Set Simulation Parameters
Set the SNR points and the overall number of frames to simulate.
SNRdB = 5.7:0.1:6.2; % SNR in dB numFrames = 12; % Number of frames to simulate
Configure the carrier, PDSCH, and DL-SCH.
carrier = nrCarrierConfig; pdsch = nrPDSCHConfig; pdsch.Modulation = "16QAM"; pdsch.PRBSet = 0:carrier.NSizeGrid-1; % Full band allocation
[encodeDLSCH,decodeDLSCH] = dlschEncoderDecoder();
Configure Parallel Pool
By default, this example enables parallel execution. Alternatively, you can disable parallel execution, for example, when debugging your code.
enableParallelism = true;
Create a parallel pool and get the number of workers if parallel execution is enabled.

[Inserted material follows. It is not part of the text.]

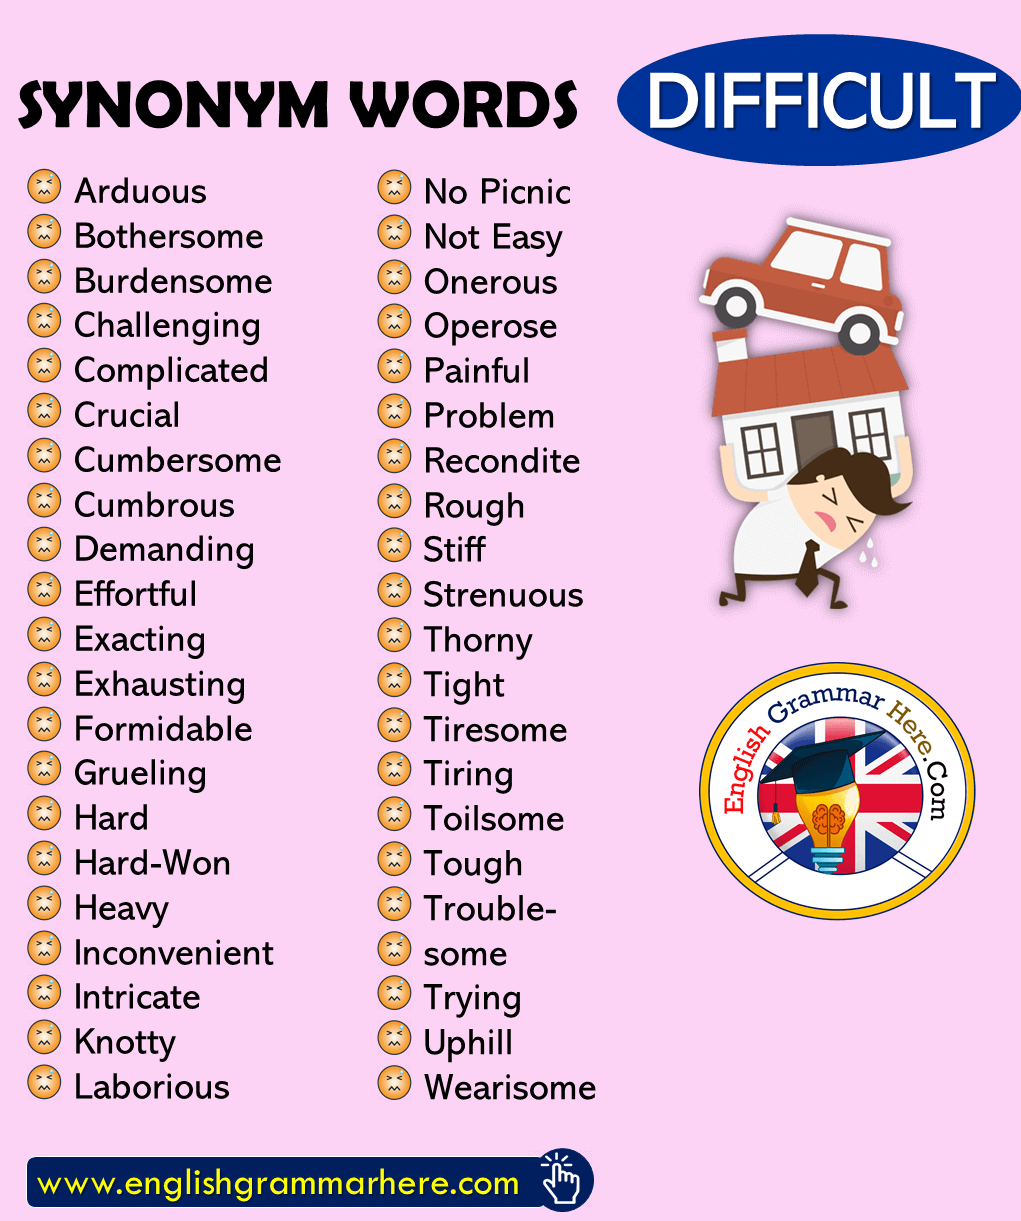 English Synonym Words List with Difficult, Synonym Words – DIFFICULT, English Vocabulary

if (enableParallelism) pool = gcp; % create parallel pool, requires Parallel Computing Toolbox numWorkers = pool.NumWorkers; maxNumWorkers = pool.NumWorkers; else numWorkers = 1; % No parallelism maxNumWorkers = 0; % Used to convert the parfor-loop into a for-loop end
Starting parallel pool (parpool) using the 'Processes' profile ... 01-Jul-2024 12:17:03: Job Queued. Waiting for parallel pool job with ID 1 to start ... 01-Jul-2024 12🔞04: Job Queued. Waiting for parallel pool job with ID 1 to start ... Connected to parallel pool with 12 workers.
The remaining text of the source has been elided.